I can think of at least three reasons why ECF officials might not want to say how much cannot be accounted for. I can also say how many good reasons I can think of.
That number is nil.
I mean Mr Transparency could say something like "well, there's £6,789 we can't trace, but we don't think there's any likelihood of getting much more information and we're nevertheless confident that the money went where it was intended". This was be understandable, if less than brilliant. But he could say that. However, he does not.
Mr Transparency prefers to say nothing, and refer us to the great integrity of the individuals who have approved the accounts. Which is fatuous. It is nothing to do with anybody's integrity. It is to do with money unaccounted for.
Integrity? You can talk about integrity all you like, until something disastrous happens. After that, what you need is documentation and paperwork. Which we do not appear to have. And if you do not have it, don't be telling me about people's integrity. Because that's not the question I was asking.
Not so much lost as never found
So, how much is unaccounted for? We understand that some hotel bills have been presented, but how much is still left over? You can be sure that the answer isn't "nil", or anything close to it, because I fancy Mr Transparency wouldn't be quite so reticent if that were the case. It's a safe assumption (and if it is not, I'd be glad to be told so) that a substantial proportion of the money paid over to Mr de Mooi presently remains beyond any "adequate audit trail". If this is so then another way to put this is that thousands of pounds are not properly accounted for. Which is the kind of situation for which the term "legitimate public concern" exists. Or to put it another way, it constitutes a scandal.
Now I know, from long experience (not least, having spent a certain part of my life writing about football clubs and their owners) that a lot of people simply don't get questions of financial organisation and propriety. "Well, where do you think the money's gone?", they will ask. But of course that's not really the problem. The problem is not that we know where the money went, it's that we don't know where the money went. The question therefore is not just "where has it gone?" - it's "why don't we know where it went?".
In my view, as it stands, what we have might be the single most shocking manifestation of financial negligence in the organisation's history. In a way, worse than Tunis, as more money is involved.
Blind, mad, or led by a Fool?
You simply cannot hand over thousands of pounds to people without proper documentation. If, by some disastrous chance, you do, and you are serious about trying to retrieve your mistake, you absolutely have to do so thoroughly - and to report the results of your investigations openly.

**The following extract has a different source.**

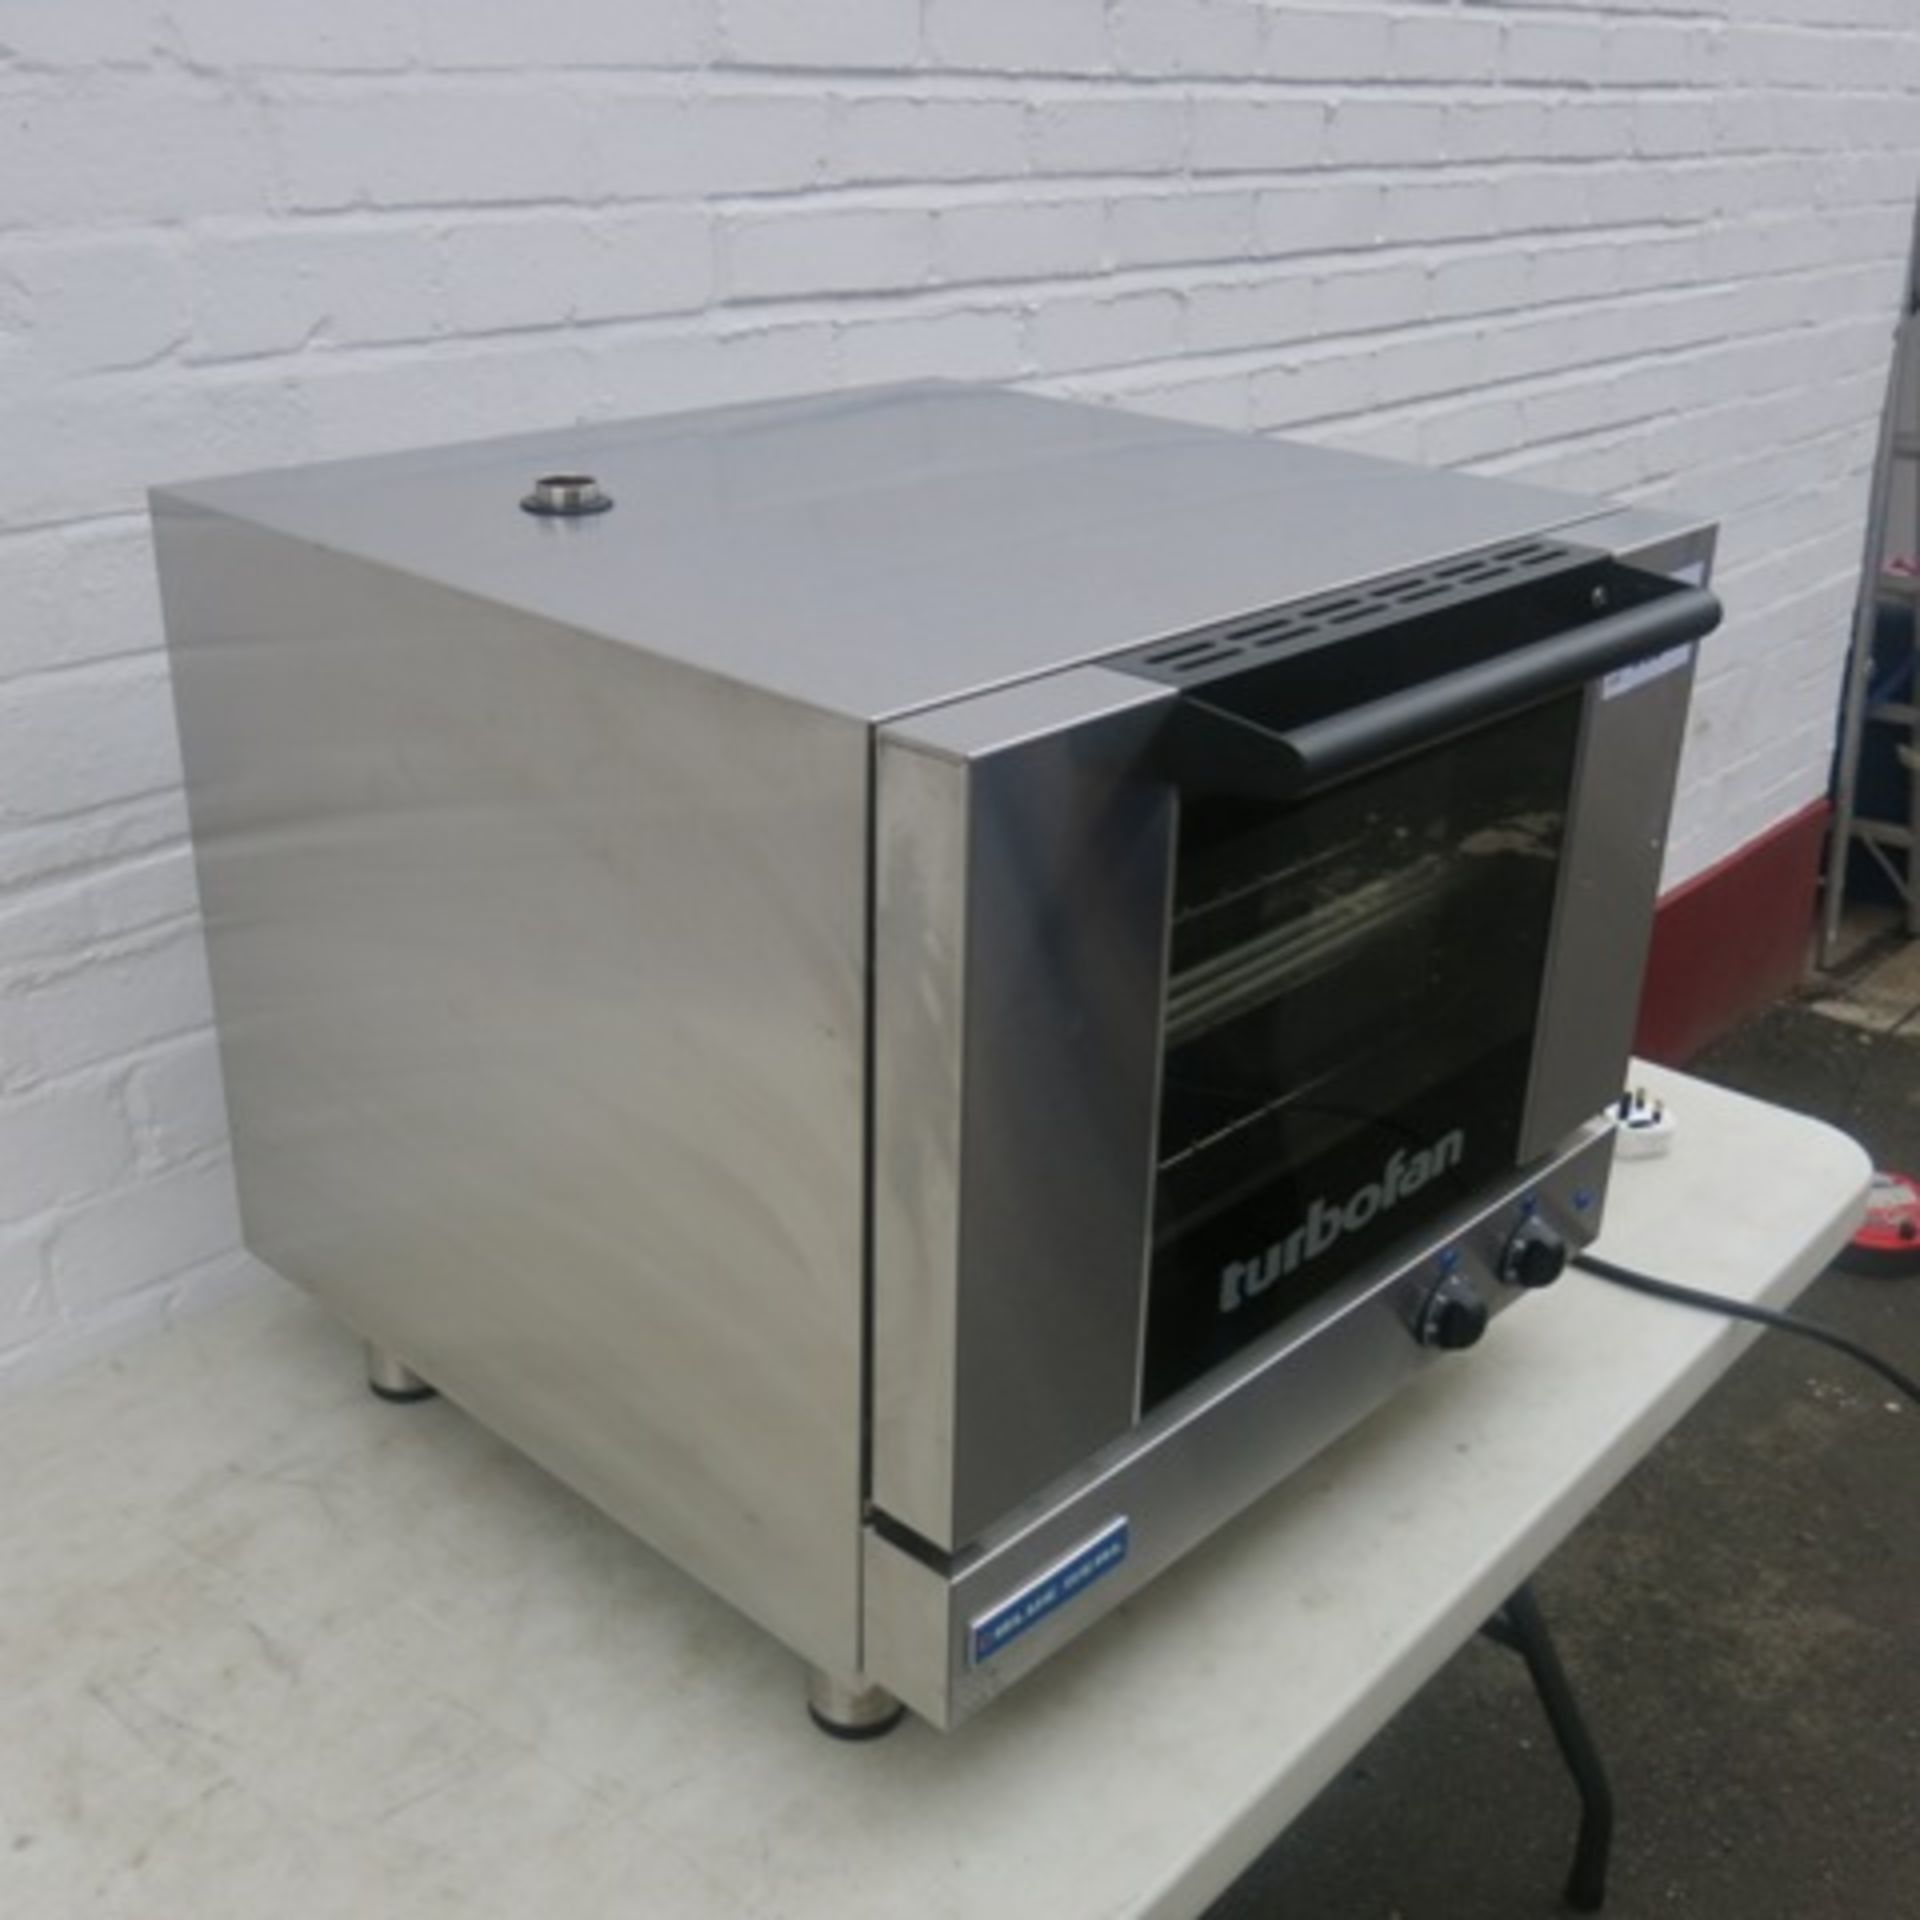 Blue Seal Counter Top Turbo Fan Convection Oven, Model E22M3. Comes with 3 Trays - Image 2 of 9

That's basic. And the corollary applies: if you're neither thorough nor open, then you are not serious.
But the ECF don't seem to do thorough. Nor does Mr Transparency do open.
To sum up:
- If you do not deal properly with serious problems when they occur, you ensure that serious problems will recur. Perhaps not the same ones, precisely, but other ones quite like them.
- If you cover up a scandal, you do not erase the scandal. You merely multiply it.
What has happened here is a scandal and a cover-up. I am sorry to use those terms. But as it stands, that is what it is.
Mr Transparency has told us nothing. And nothing will come of nothing. Speak again.